The process is never the process

Organisations need to be increasingly adaptive to respond to changes in their environment. An important aspect here is the ability to flexibilise and accelerate processes. To know where processes need to be adapted, it is important to know processes. This does not seem that complicated. But do you know how your processes really work?

Many organisations think they do. Process designs have been made and, based on these, an automated system has often been set up to support the processes. But do the processes also run as the organisation has designed them? And how often do processes go right the first time? As an organisation, do you have insight into how often, for instance, rework or work arounds are applied? In our practice, this insight is often lacking. The conceived process is almost never the real process. We are then talking about the organisation's hidden factory. Nowadays, systems can help and show you what really happens in your organisations using process mining.

Organisations provide products or services to its customers. To deliver products and services, organisations use processes. All activities performed between customer demand and actual delivery are called a process. To improve processes, it is common to start by understanding the current situation. This is why we record processes. To do this, we organise workshops with subject matter experts who tell us how they think the processes are running now. In some cases, customer requests are followed from start to finish in order to map the flow. The problem is often that these workshops, however comprehensive, do not tell the whole or the real story. We talk about a hidden factory created by extra actions, unconscious choices, controls, waiting times or other actions that are considered exceptions. Most waste in processes is often precisely in this hidden factory.

What is process mining?

Process mining is a specialism within data mining. Data mining is used to discover patterns in existing data. It is also used to predict trends in the data. Process mining focuses on the data within processes.

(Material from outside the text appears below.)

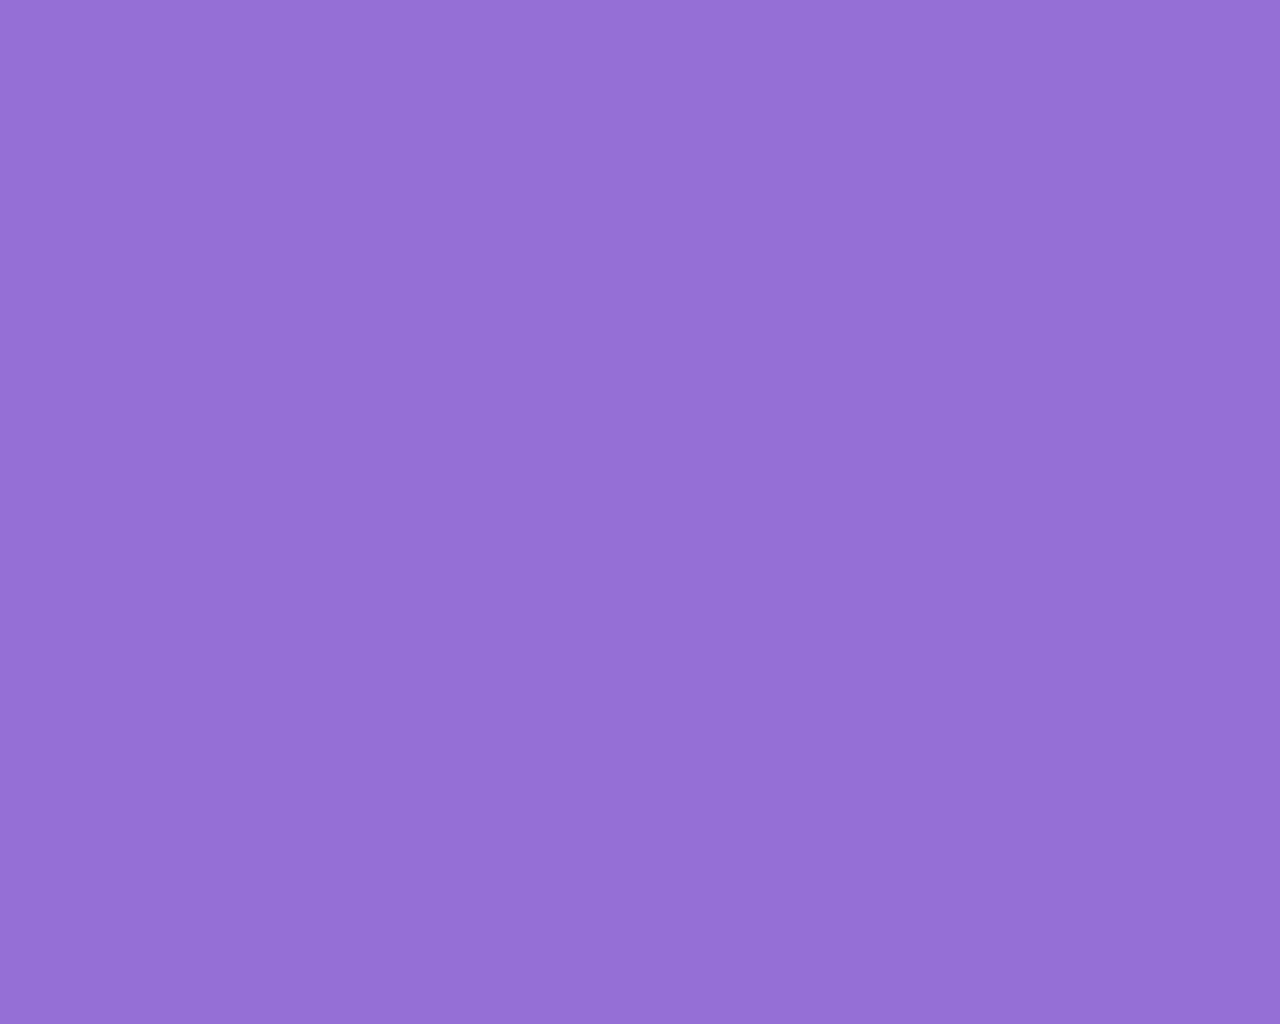 1280x1024 Dark Pastel Purple Solid Color Background

By extracting data from IT systems, process mining gives an exact picture of how a particular process functions. In turn, one uses this information to improve processes. Data mining thus focuses on data in general and process mining focuses on events (events and processes).

(Grigorova, Malysheva, & Bobrovskiy, 2017)

In practice, process mining fills the gap between data mining and process analysis by pinpointing exactly where the bottlenecks are. With process mining, process models are discovered based on data. Literally tracking and analysing the so-called event logs provides detailed insight into the processes, revealing bottlenecks and enabling highly targeted optimisation of processes. In addition, process mining provides insight into where bottlenecks have arisen where data mining only indicates certain trends.

(van der Aalst, 2016)

In practice:

One major mortgage lender has figured out its process in the steps below:

  1. Registering the application
  2. Processing or modifying the application
  3. Upload documents
  4. Checking documents
  5. Issuing interest rate offer
  6. Send final interest offer
  7. Loan closing
  8. Implementing loan in administration

The organisation struggles with excessively long lead times and consequently dissatisfied customers. Although the processes were designed to have a maximum turnaround time of 10 days, in practice little of this appears to happen. Staff indicate that the process is broadly followed. Admittedly, there are occasional cases that require some extra work because the information is incomplete, but they feel this is only a small percentage. To help analyse, the organisation decides to apply process mining.

First, a discovery method is applied. This method makes the process transparent on the basis of the data. Through so-called event logs, the process is recorded. Event logs are events that are recorded and stored. In this way, every action performed by the system or the employee gets its own record. For each case, it can be made clear which events have taken place for that case. If you do this with a large quantity of cases, you get great insight into the process with the quantities that follow a certain course. Thus, the actual process is displayed. So a process is mapped purely on the basis of event logs. There is no comparison with the conceived process at that point. In the case of the mortgage consultant, it is striking that, out of 100 cases, as many as 45 go from activity 4 checking documents back to activity 2 Processing or adjusting the application. Apparently, incomplete or incorrect information is often supplied. It is also noticeable that after activity 5 Issuing interest offers, processing times are very high in 15 of the 100 cases. The processing time between activity 6, 7 and 8 varies from 8 days to 24 days.

The second step is conformance checking. This involves subjecting the process previously established in the discovery phase to comparison with the actual process. The difference between the apparently perfect process and reality is brought into focus. For example, a process may be conceived as ACBD but in practice run as ADBC or follow several different routings.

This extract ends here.